Schoenberg’s Five Pieces, completed in 1909, had to wait three years to be heard in public, and then it was not the musicians of his native Vienna who took up the cudgels on his behalf but an enlightened Englishman, Sir Henry Wood, who led the premiere at one of his London Promenade concerts. The date: September 3, 1912.
Reviews were numerous, since Schoenberg’s reputation as an iconoclast had preceded him. Among the least scathing was that from the most respected of British musical observers, Ernest Newman, who related, “It is not often an English audience hisses music it does not like, but a good third of the people the other day permitted themselves that luxury after the performance of the Five Orchestral Pieces of Schoenberg. Another third of the audience was not hissing because it was laughing, and the remaining third seemed too puzzled either to laugh or to hiss.... Nevertheless, I take leave to suggest that Schoenberg is not the mere fool or madman that he is generally supposed to be.... May it not be that the new composer sees a logic in tonal relations that to the rest of us seem merely chaos at present, but the coherence of which may be clear enough to us all some day?”
Facetiously intended as Newman’s conclusion may be, it is on the mark. Furthermore, those early listeners who remarked on the score’s eccentricity had an ally in the composer himself, as witness the following in one of his letters to Richard Strauss: “The greatest difficulty in performing these pieces is that...it is really impossible to read the score. It would be almost imperative to perform them through blind faith. I can promise you something really colossal, especially in sound and mood. For that is what they are all about – completely unsymphonic, devoid of architecture or construction, just an uninterrupted changing of colors, rhythms, and moods.”

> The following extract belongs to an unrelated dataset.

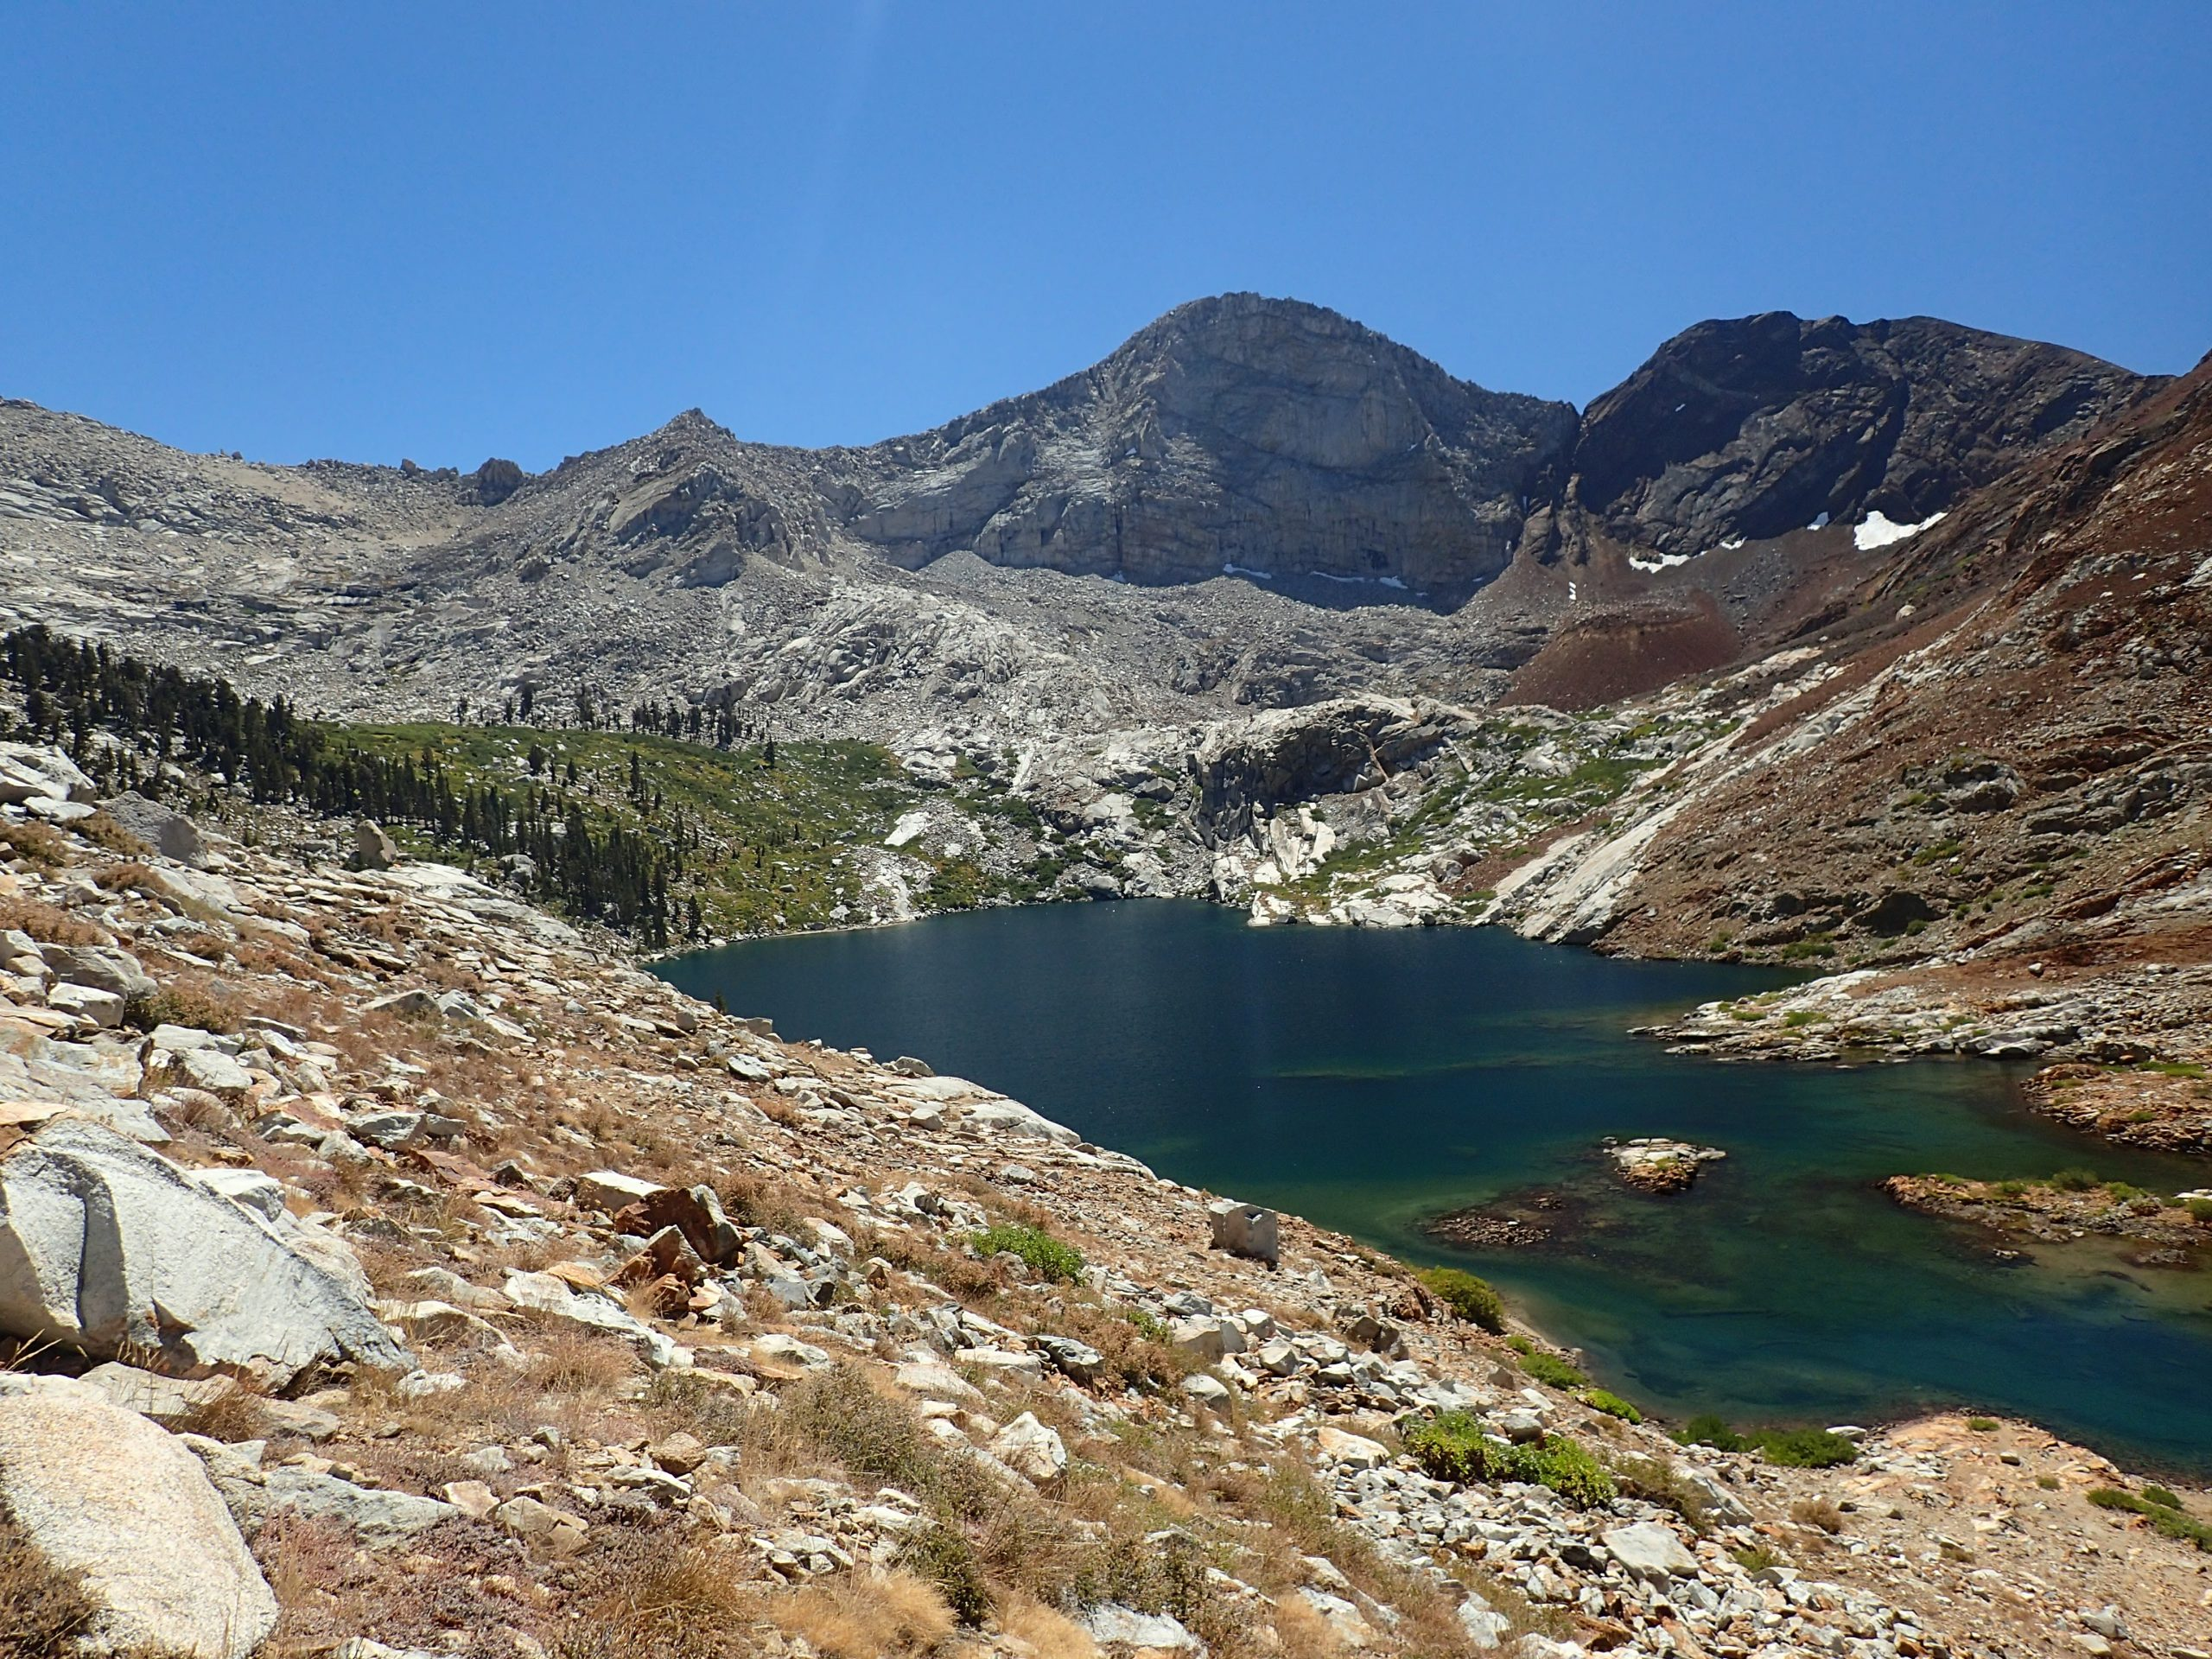 Franklin Lakes at Mineral King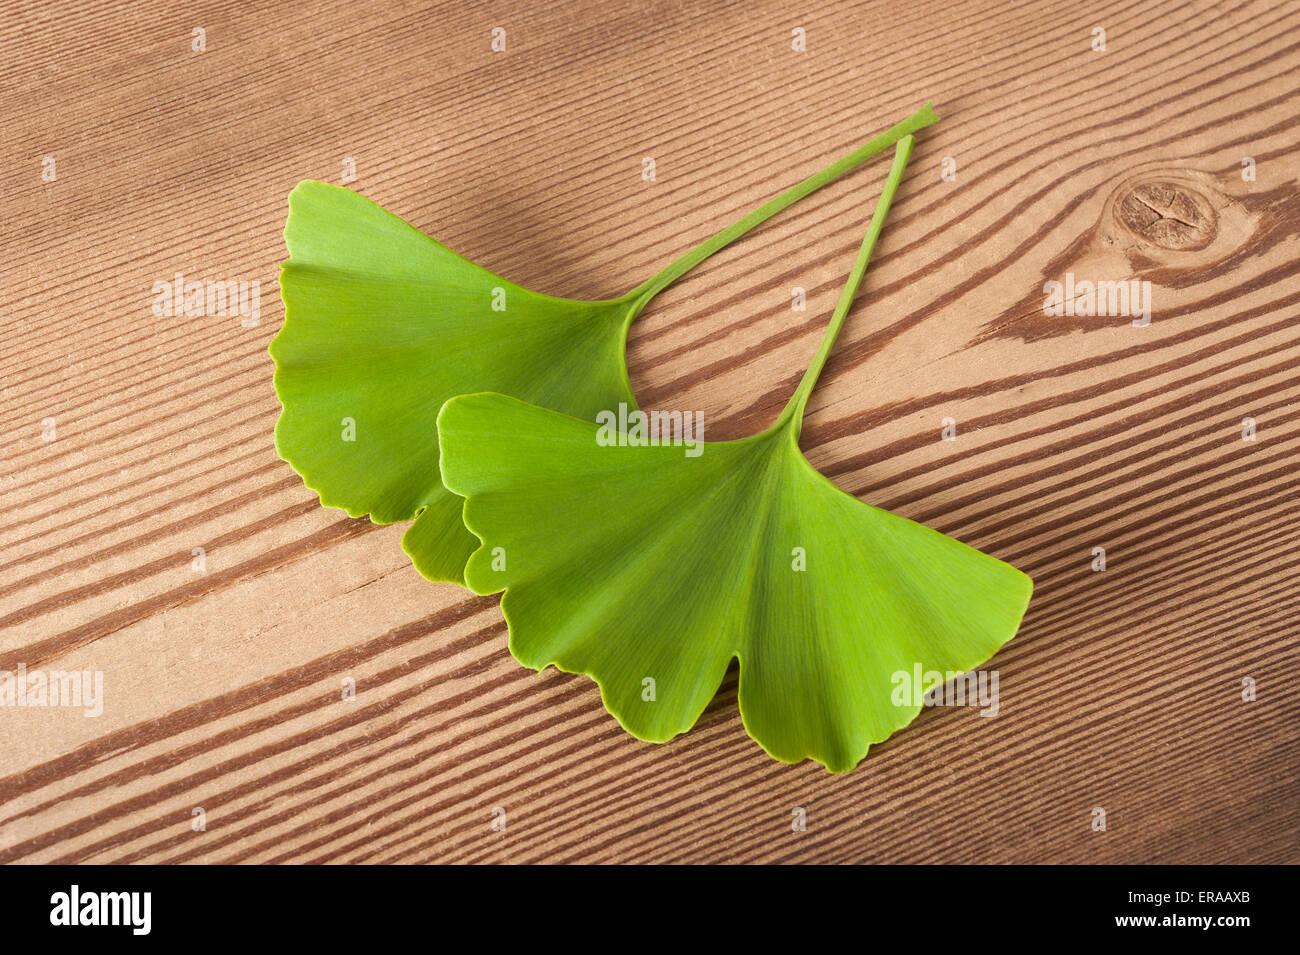 ginko biloba leaf green wood stockfotos ginko biloba leaf green wood bilder alamy. Black Bedroom Furniture Sets. Home Design Ideas

The temptation to quote more about music in response to which so many have recorded their impressions will end with the following from Schoenberg’s own program note: “The music seeks to express all that swells in us subconsciously like a dream; which is a great fluctuant power, and is built upon none of the lines that are familiar to us; which has a rhythm, as blood has a pulsating rhythm, as all life in us has its rhythm; which has a tonality, but only as the sea or the storm has its tonality; which has harmonies, though we cannot grasp or analyze them nor can we trace its themes. All its technical craft is submerged, made one and indivisible with the content of the work.”
The other quote I like is Goossens' recollection (he was in the orchestra) of Wood telling his recalcitrant players....
"Stick to it gentlemen! This is nothing to what you'll have to play in 25 years' time!"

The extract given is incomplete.